TRY IT –
When the line containing "Concierto para silencios" appears in the data below, begin copying there and stop only after the line containing "தலைவர் பிறந்த நாள்".
PROVIDED RECORDS: Begin
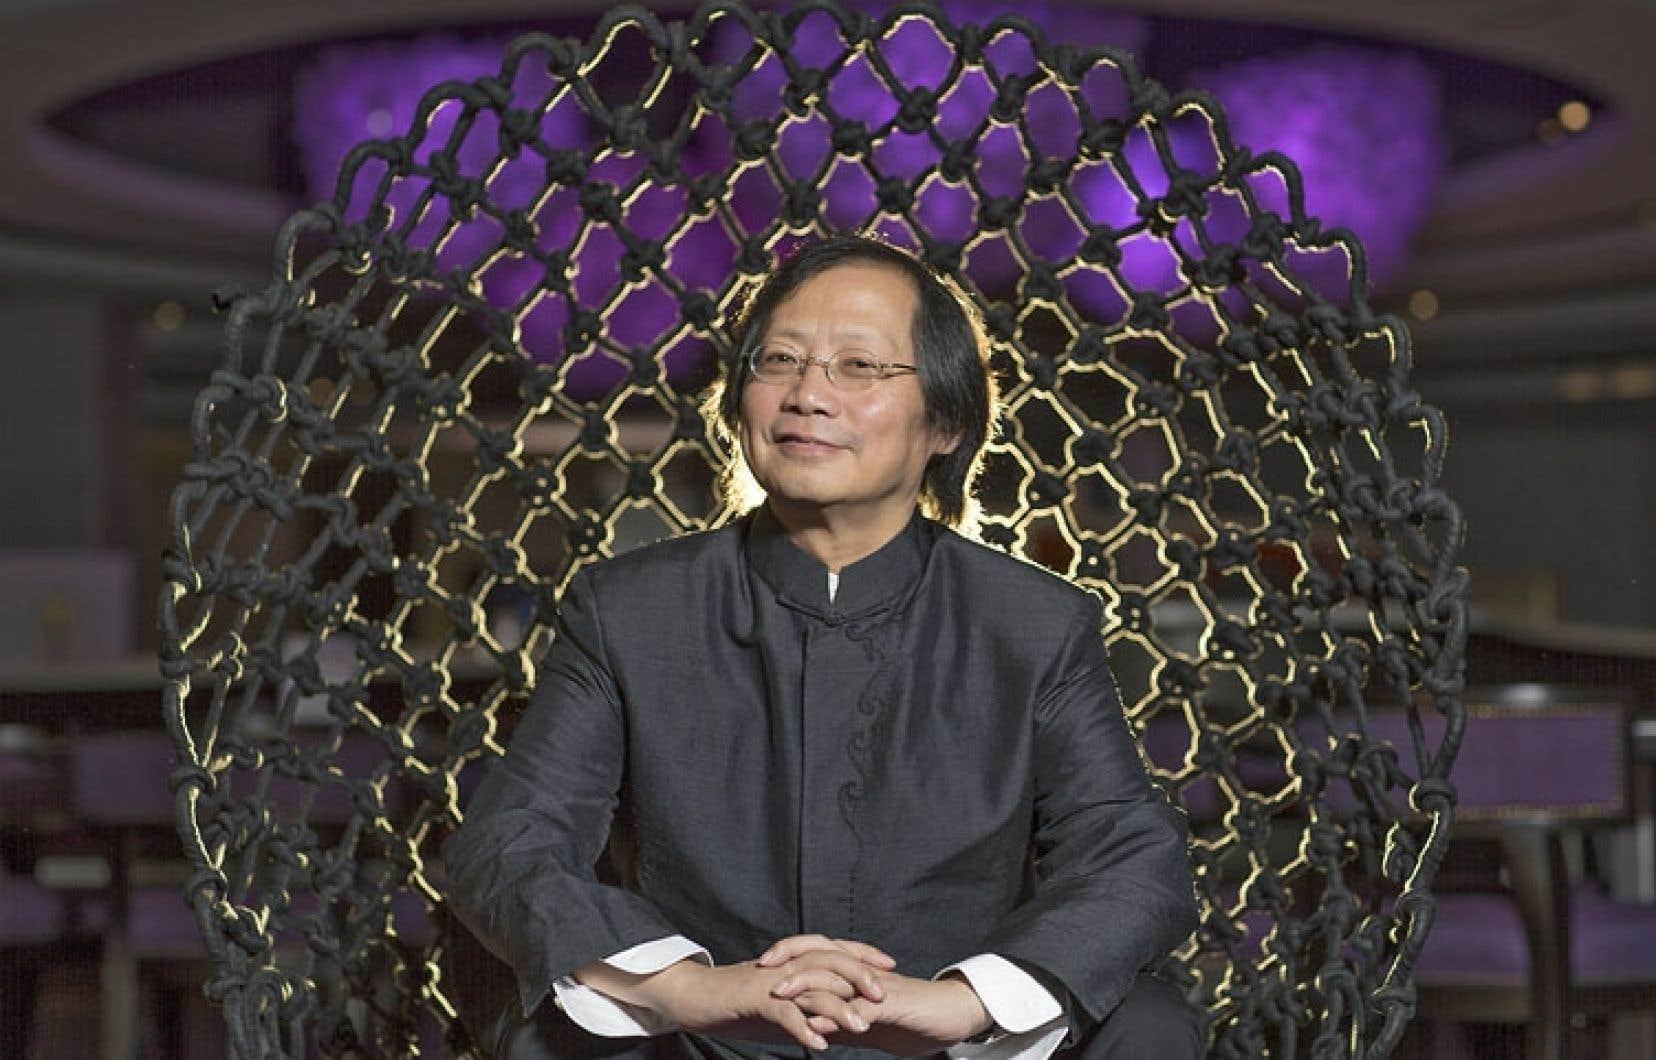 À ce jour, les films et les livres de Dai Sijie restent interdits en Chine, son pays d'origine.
PROVIDED RECORDS: End
PROVIDED RECORDS: Begin
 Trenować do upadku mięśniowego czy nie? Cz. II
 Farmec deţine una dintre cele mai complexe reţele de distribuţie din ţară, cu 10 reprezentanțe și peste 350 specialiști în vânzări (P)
PROVIDED RECORDS: End
PROVIDED RECORDS: Begin
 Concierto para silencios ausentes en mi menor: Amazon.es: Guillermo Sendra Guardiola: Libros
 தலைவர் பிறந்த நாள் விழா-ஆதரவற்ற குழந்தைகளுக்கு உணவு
PROVIDED RECORDS: End
TASK ANSWER –
 Concierto para silencios ausentes en mi menor: Amazon.es: Guillermo Sendra Guardiola: Libros
 தலைவர் பிறந்த நாள் விழா-ஆதரவற்ற குழந்தைகளுக்கு உணவு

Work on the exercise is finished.